Comments on Television

by Judita Šalgo

Translated from the Serbian by John K. Cox

Text Read by a Window at the Independent Association of Journalists of the Vojvodina

September 5, 1991

Every day I ask myself this question while watching television: are war and fact-based news really incompatible? Is it the same with patriotism and the desire to be fully informed? Does concern for one's own community have to defend itself by the rigid selection of current events and people, of reports and reporters? Is hatred the only thing that triggers self-defense?

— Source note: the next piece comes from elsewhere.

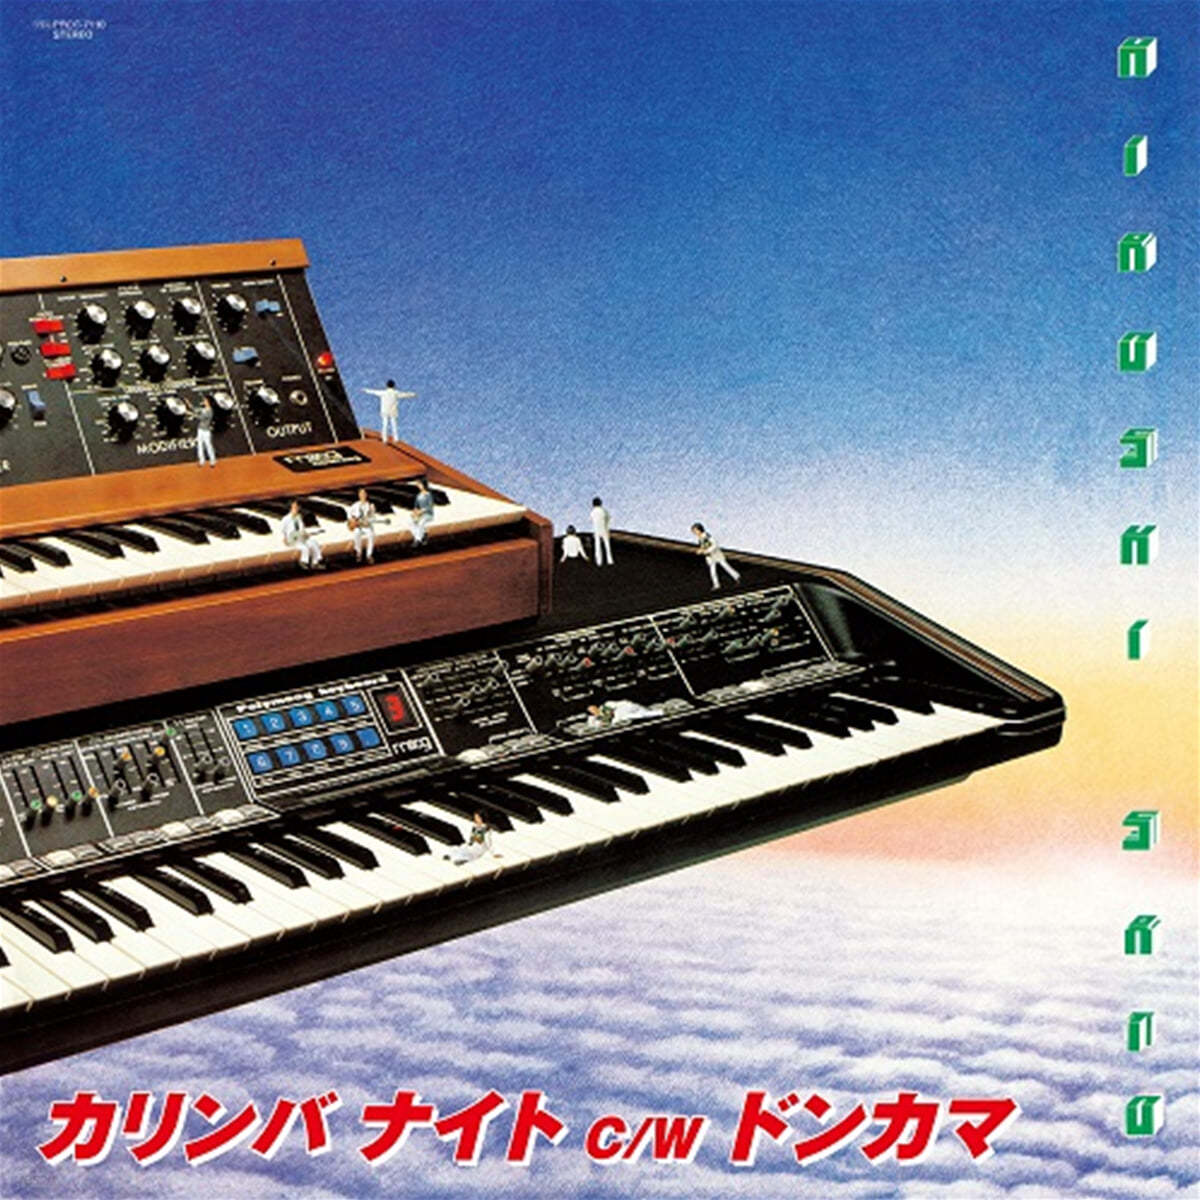 Sato Hiroshi (사토 히로시) - Kalimba Night / Doncama [7인치 싱글 Vinyl]

My first window on the world, several decades ago, looked out onto a wall, onto bulletin boards with newspapers. Now that I need to say what I see out this window, what’s there? The wall has been demolished; behind it yawns an abyss; but those newspapers are still floating in the air, their letters are still vibrating on the screen, and their spirit, although the words are different, is still suspended above the void. The wall-mounted newspapers that ushered us out of that war are now leading us into a new one.  Their long-range electronic cry to millions of people is more efficient than the whoop of any warlord, more credible and persuasive than the whisper of one's own brother. Television is, even when it is broadcasting from a war zone, distant from its viewer, from its warrior, and is not responsible for their lives; it is not responsible for anything. Long-distance management of people is enjoying a bloody boom. Television is becoming death-o-vision, murder-vision, not because of the horrors to which it bears witness but because it convinces us that the horror is unavoidable, and because, whether it recognizes this or not, whether it wants this or not, it is itself serving death, the sovereign and long-term interests of death; it is turning into a dead vision, the medium of destruction of our intellect, our common sense, our need for a comprehensive picture of the world and our own place and prospects in it. It is a means of ruining souls and spirituality, everything that is life-giving, and that comprises life.

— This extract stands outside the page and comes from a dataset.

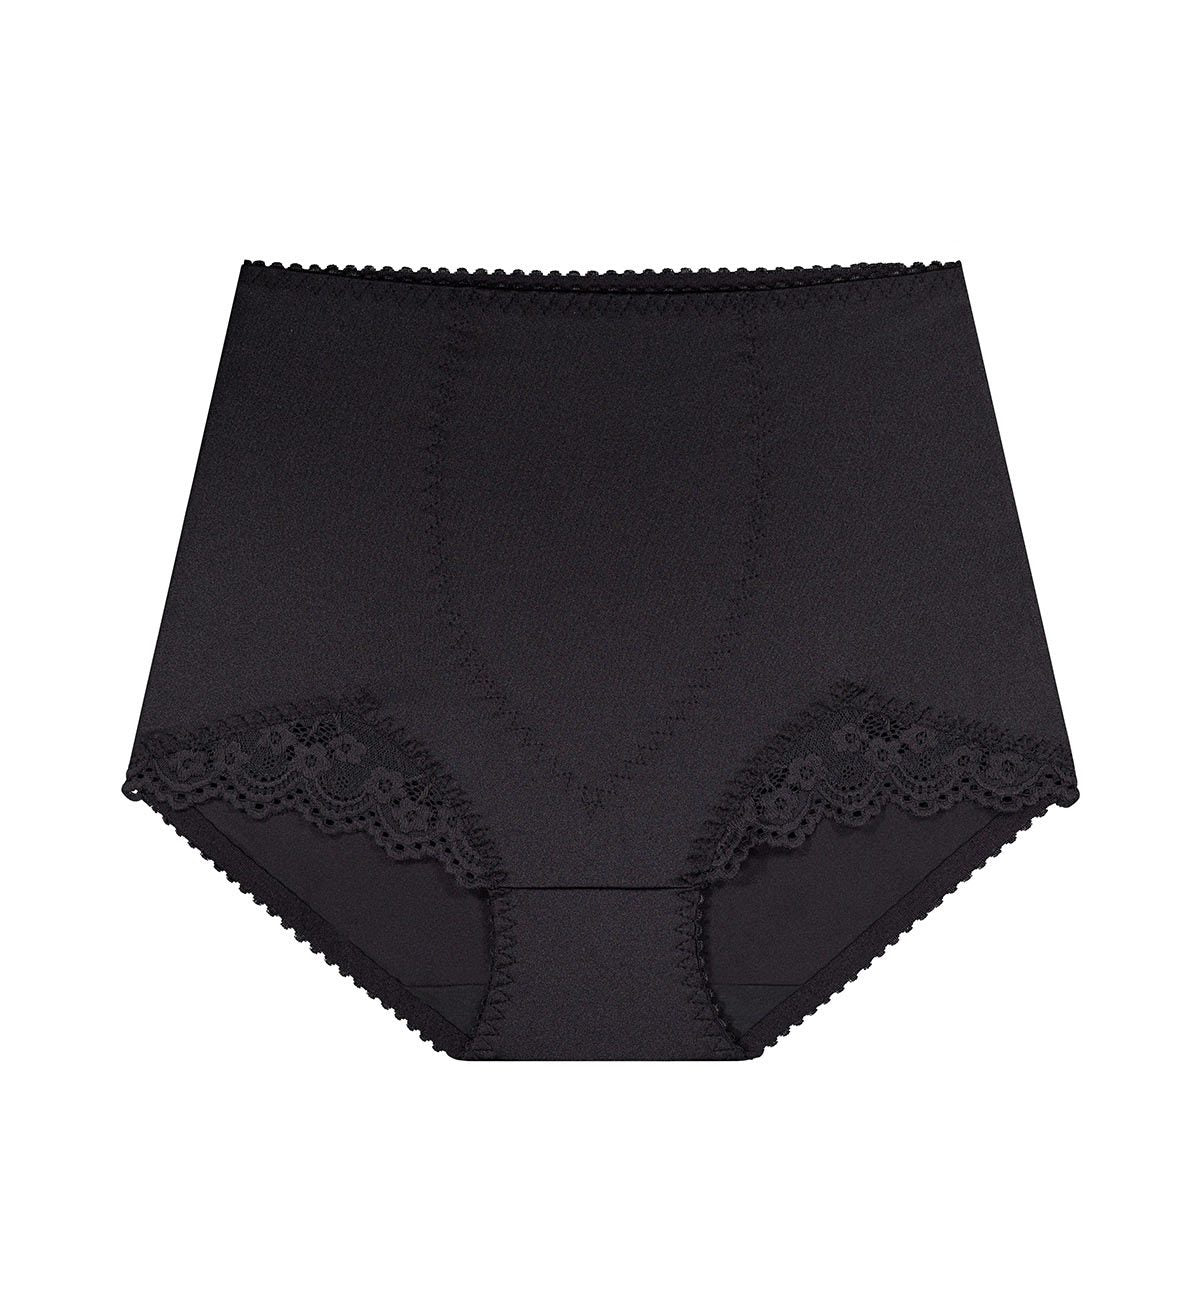 Buy Something Else Tum-E-Lace Panty in Black

If I understood correctly the meaning of this window (which perhaps still looks out onto Zmaj Jovan Street today), its purpose was, while at least the facades were integral, to see something constituted there, improvised, a millimeter away from the precipice—a new, regenerated medium that is not remotely controlled, not tele-anything, and instead is a “close vision,” so to speak, a medium of living encounters, face to face, a life-vision that will try to translate the incoherent call of higher interests into the language of clear consequences. That’s the role of little windows in big history.